**TASK STATEMENT**
Only the lines below between the one holding "Sous un parapluie" and the one holding "Amusant rastafarian femme", inclusive, are to be reproduced word for word; the pictures are to be left out.

**THE INPUT**
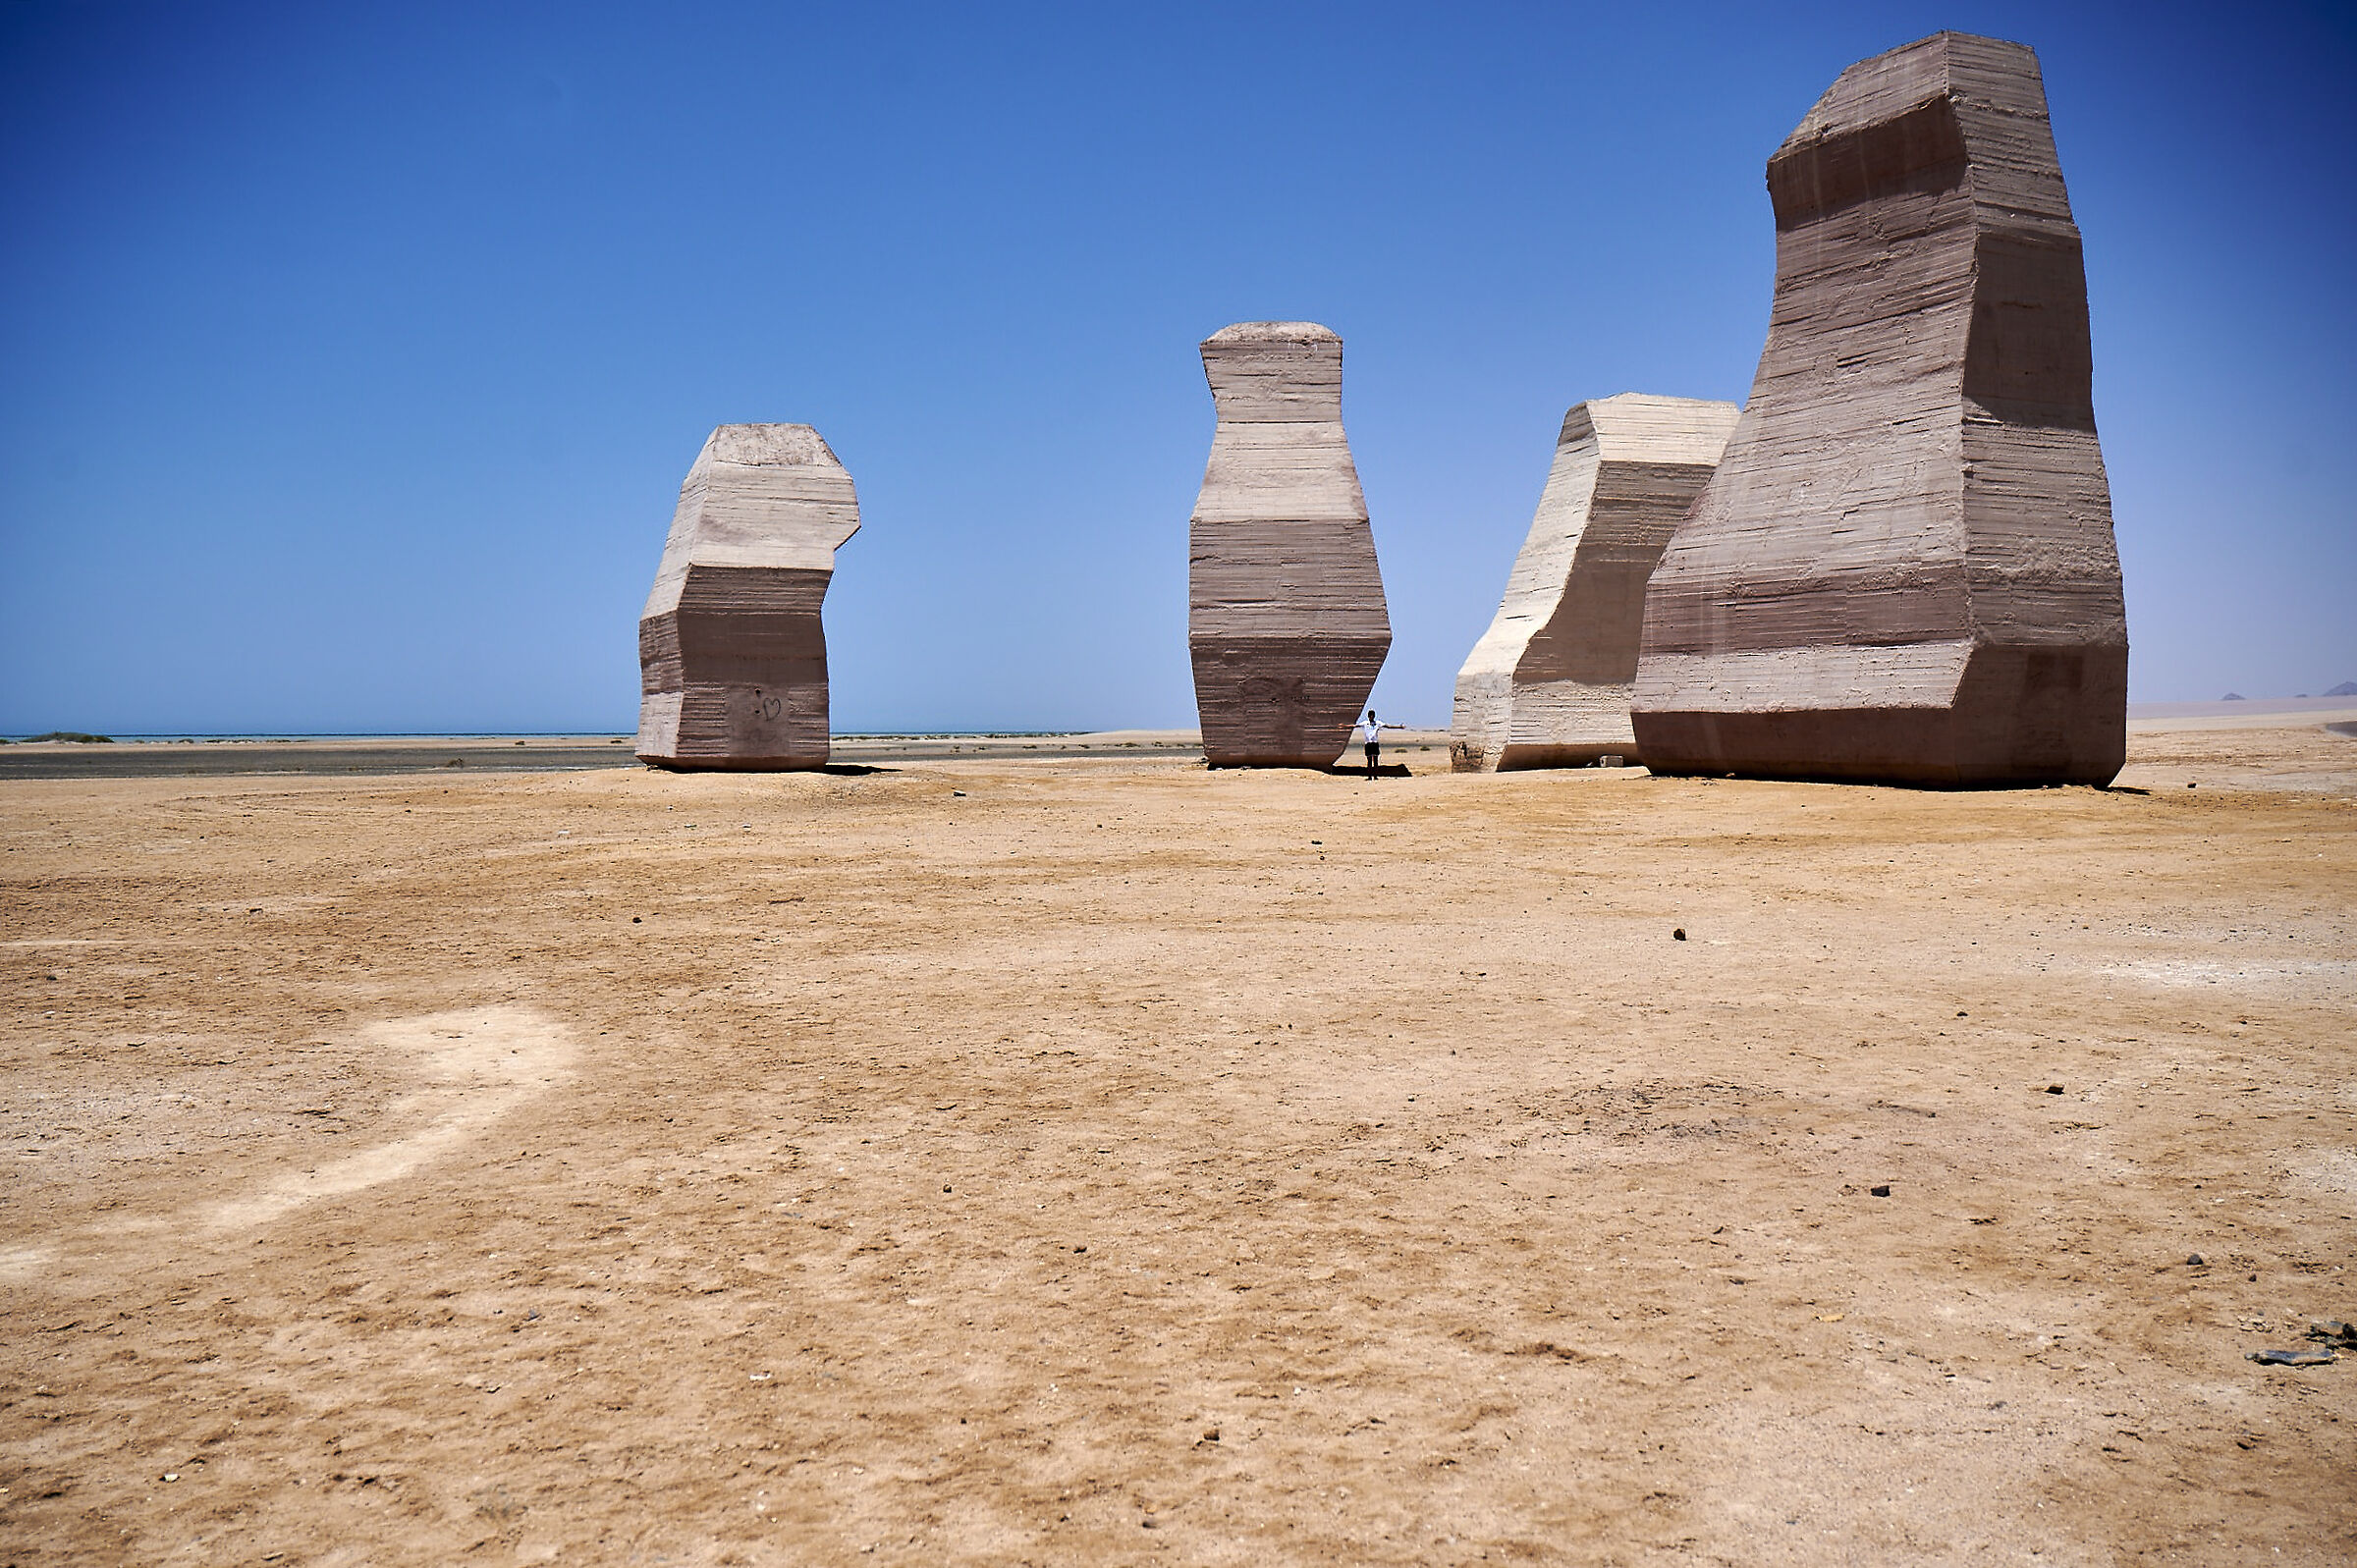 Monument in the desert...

--

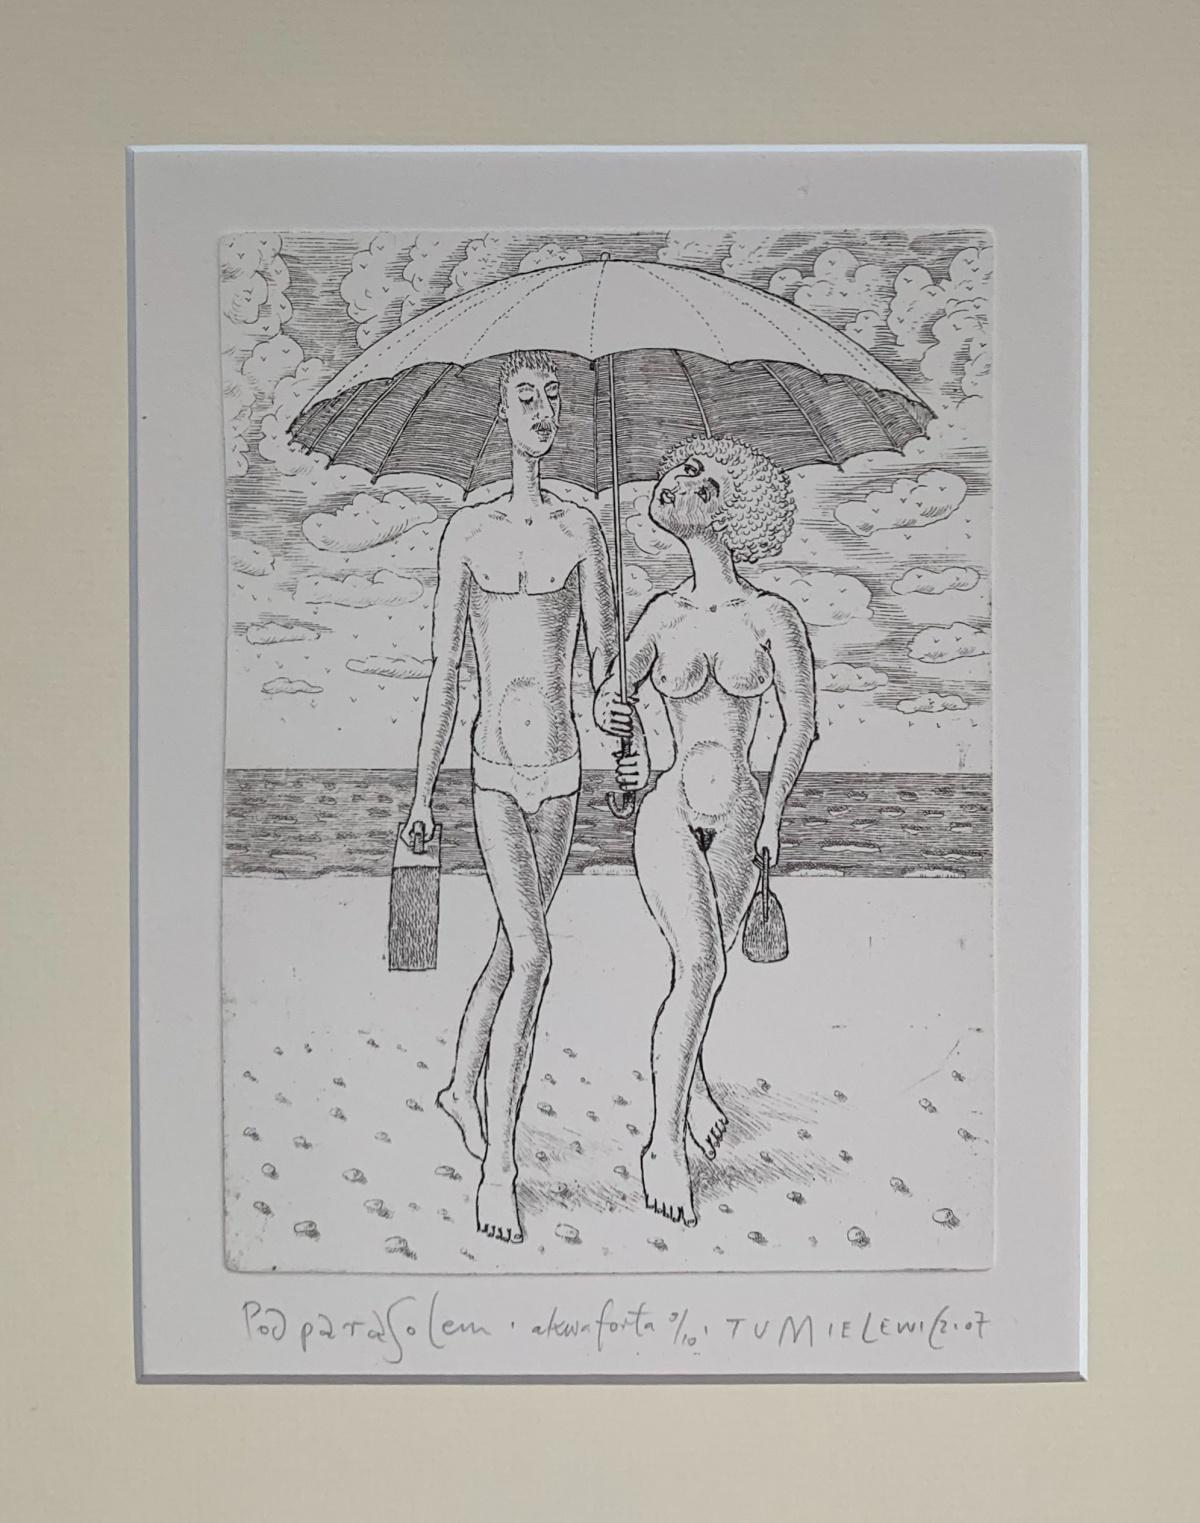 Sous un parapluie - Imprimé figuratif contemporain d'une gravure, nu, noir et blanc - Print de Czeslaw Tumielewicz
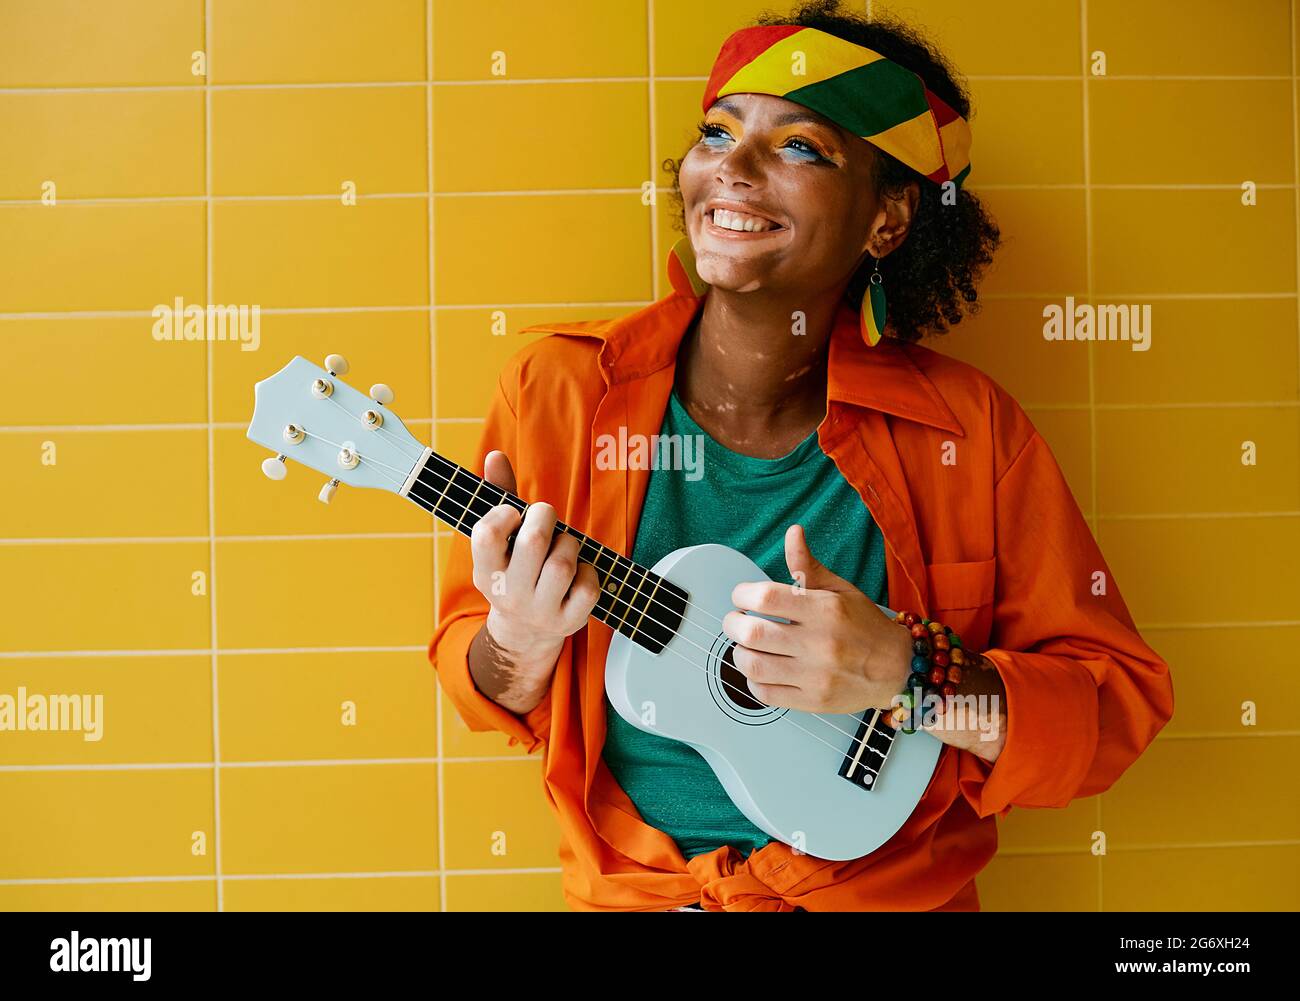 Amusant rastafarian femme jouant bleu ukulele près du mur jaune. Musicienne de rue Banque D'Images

**SOLUTION TO THIS EXERCISE**
 Sous un parapluie - Imprimé figuratif contemporain d'une gravure, nu, noir et blanc - Print de Czeslaw Tumielewicz
 Amusant rastafarian femme jouant bleu ukulele près du mur jaune. Musicienne de rue Banque D'Images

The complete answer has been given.